Without any images, write the data out exactly as it appears.

- STORED DATA
————
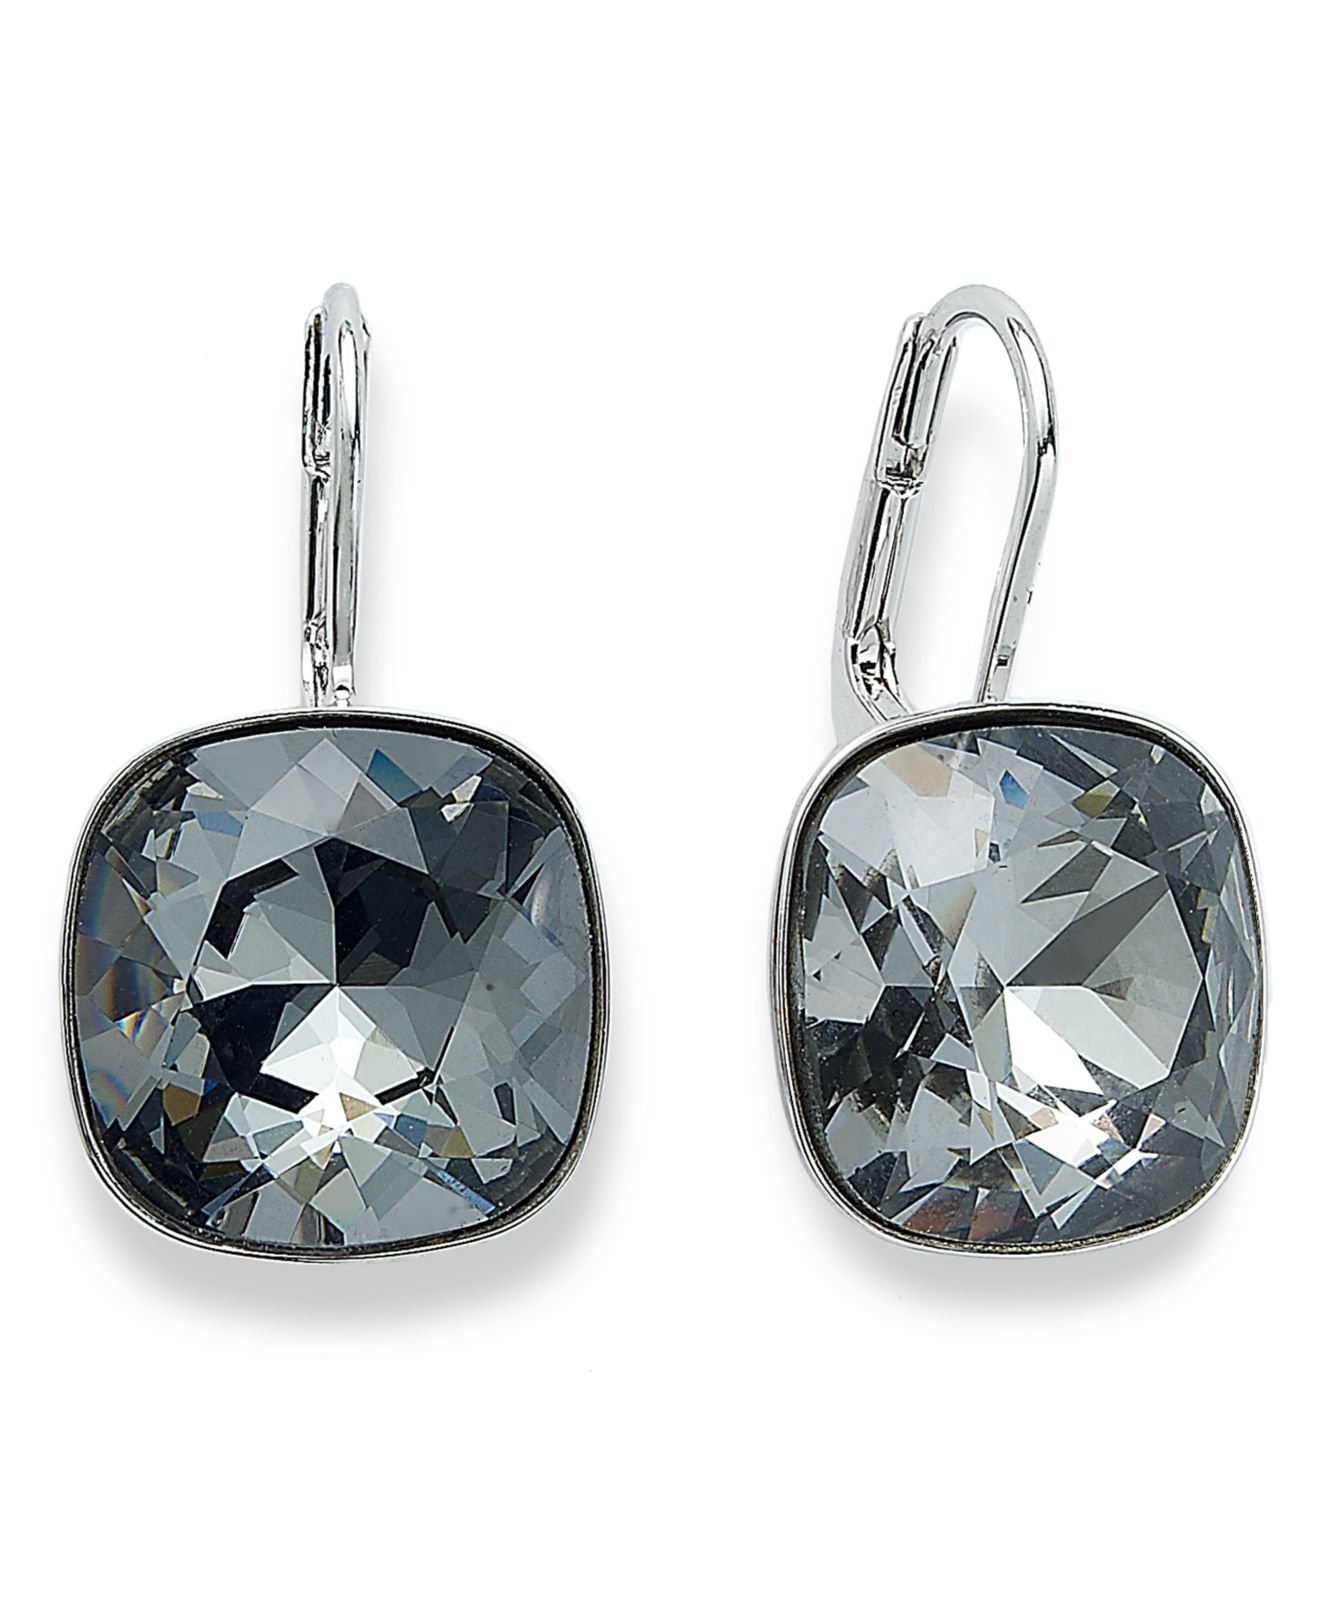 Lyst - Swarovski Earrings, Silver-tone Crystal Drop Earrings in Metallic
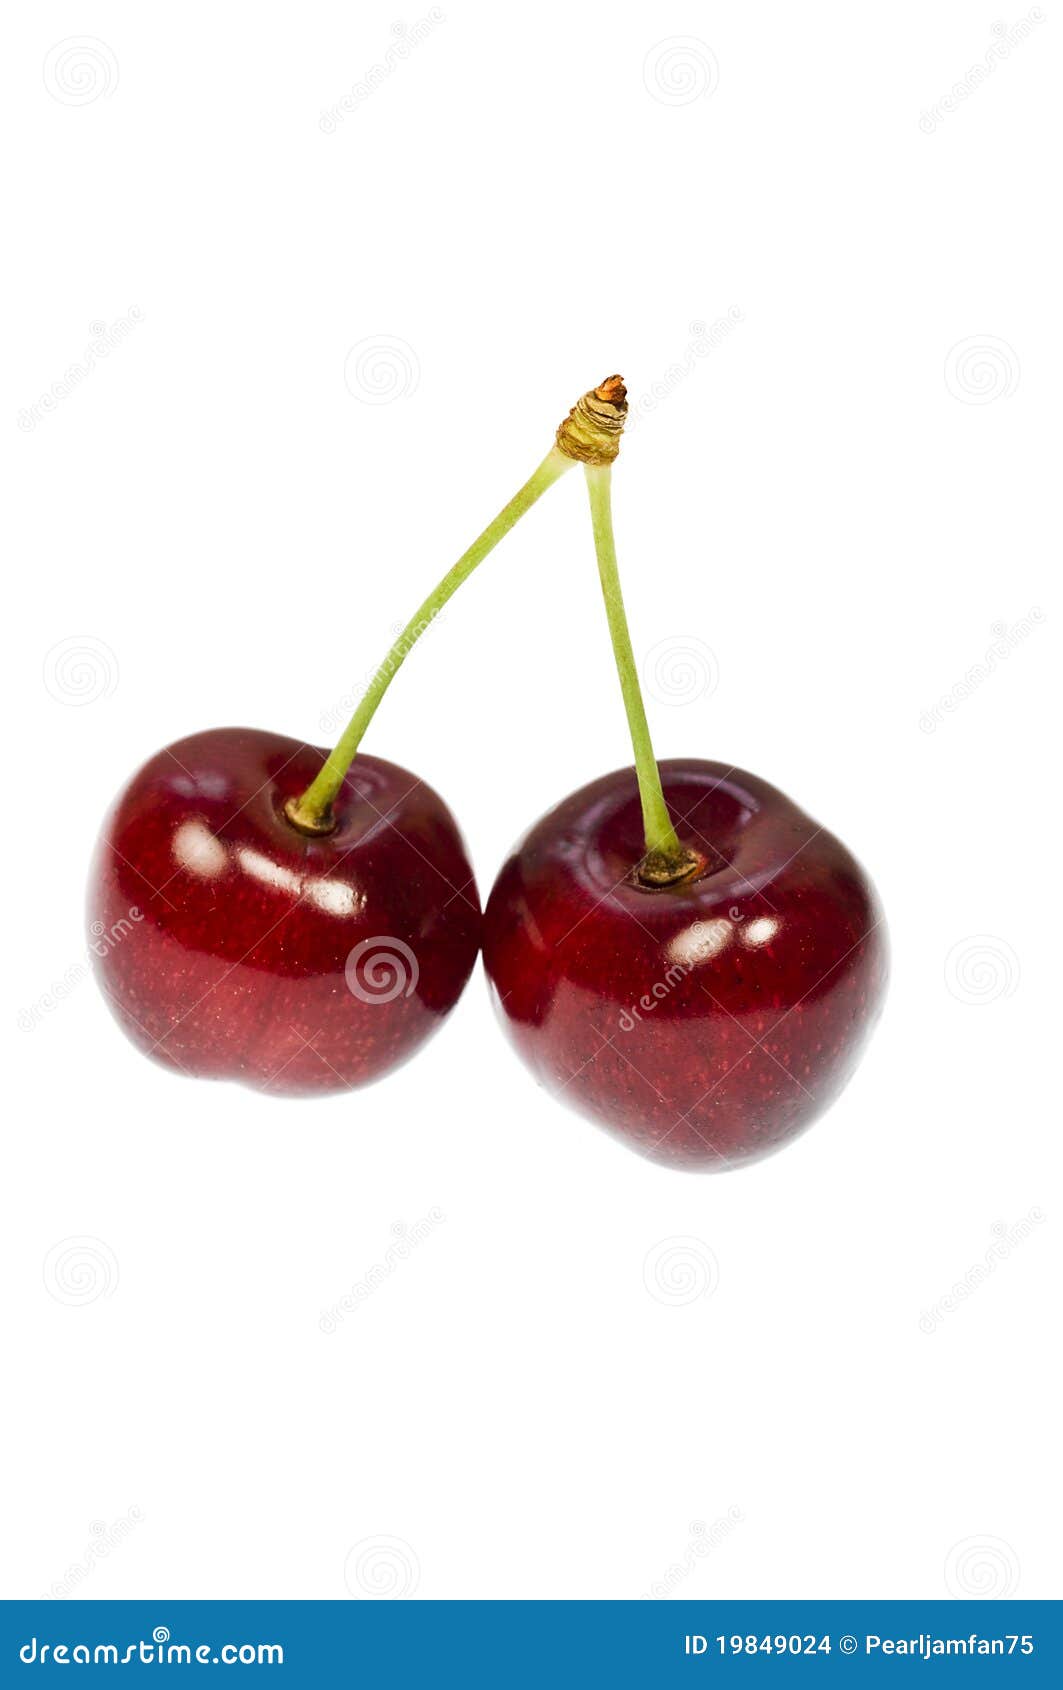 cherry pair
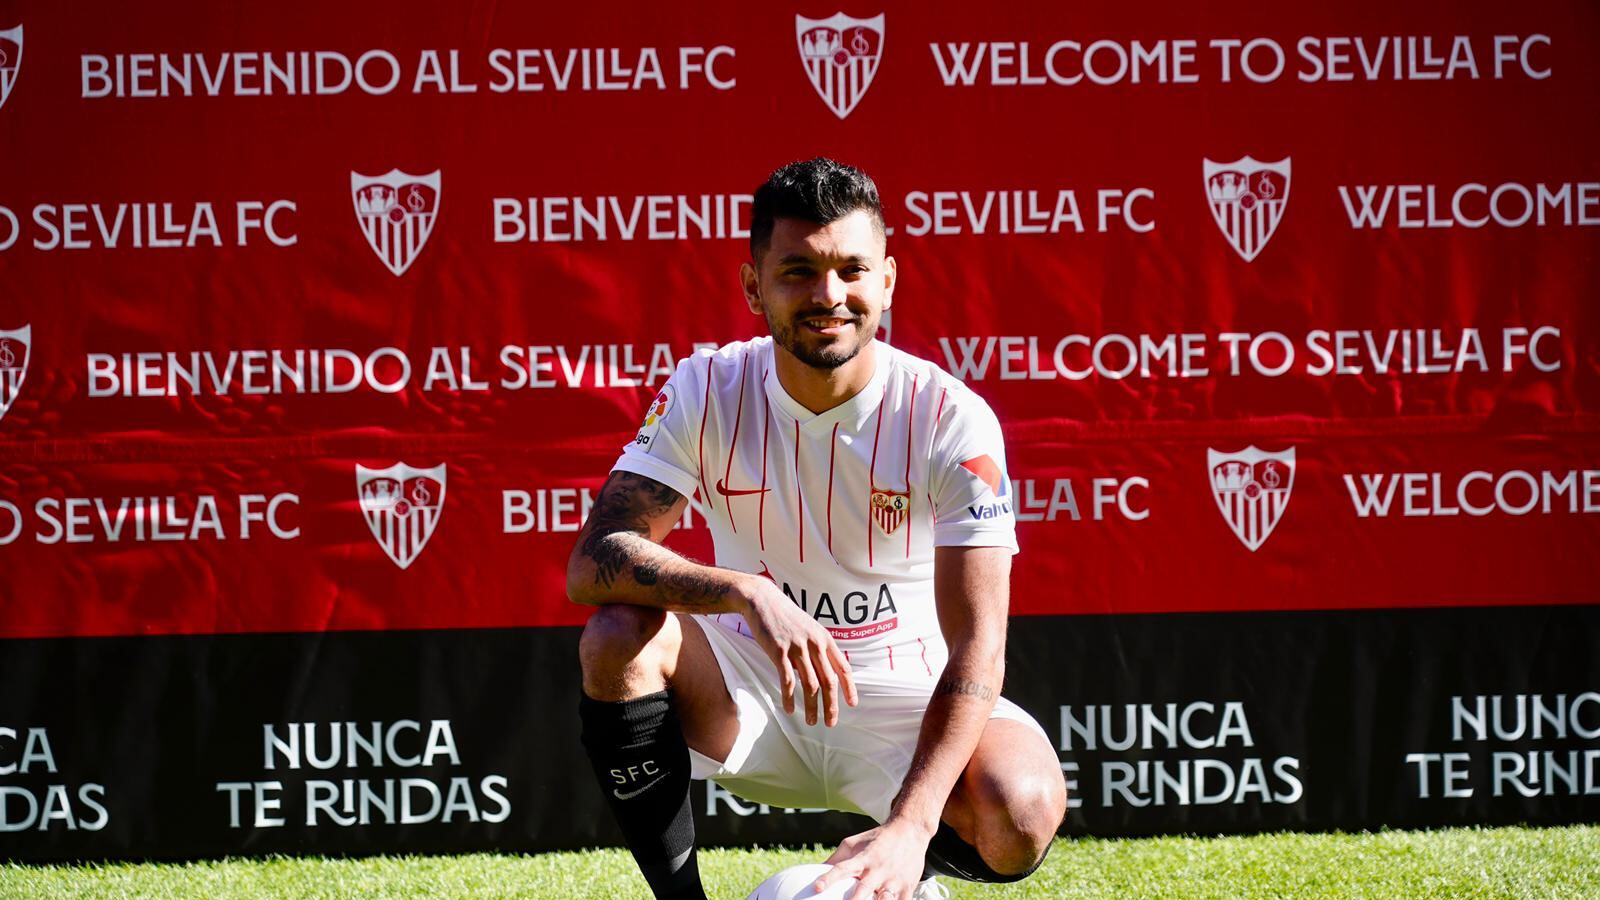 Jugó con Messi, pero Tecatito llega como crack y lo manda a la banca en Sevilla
————
- OUTPUT OF THE EXERCISE
 Lyst - Swarovski Earrings, Silver-tone Crystal Drop Earrings in Metallic
 cherry pair
 Jugó con Messi, pero Tecatito llega como crack y lo manda a la banca en Sevilla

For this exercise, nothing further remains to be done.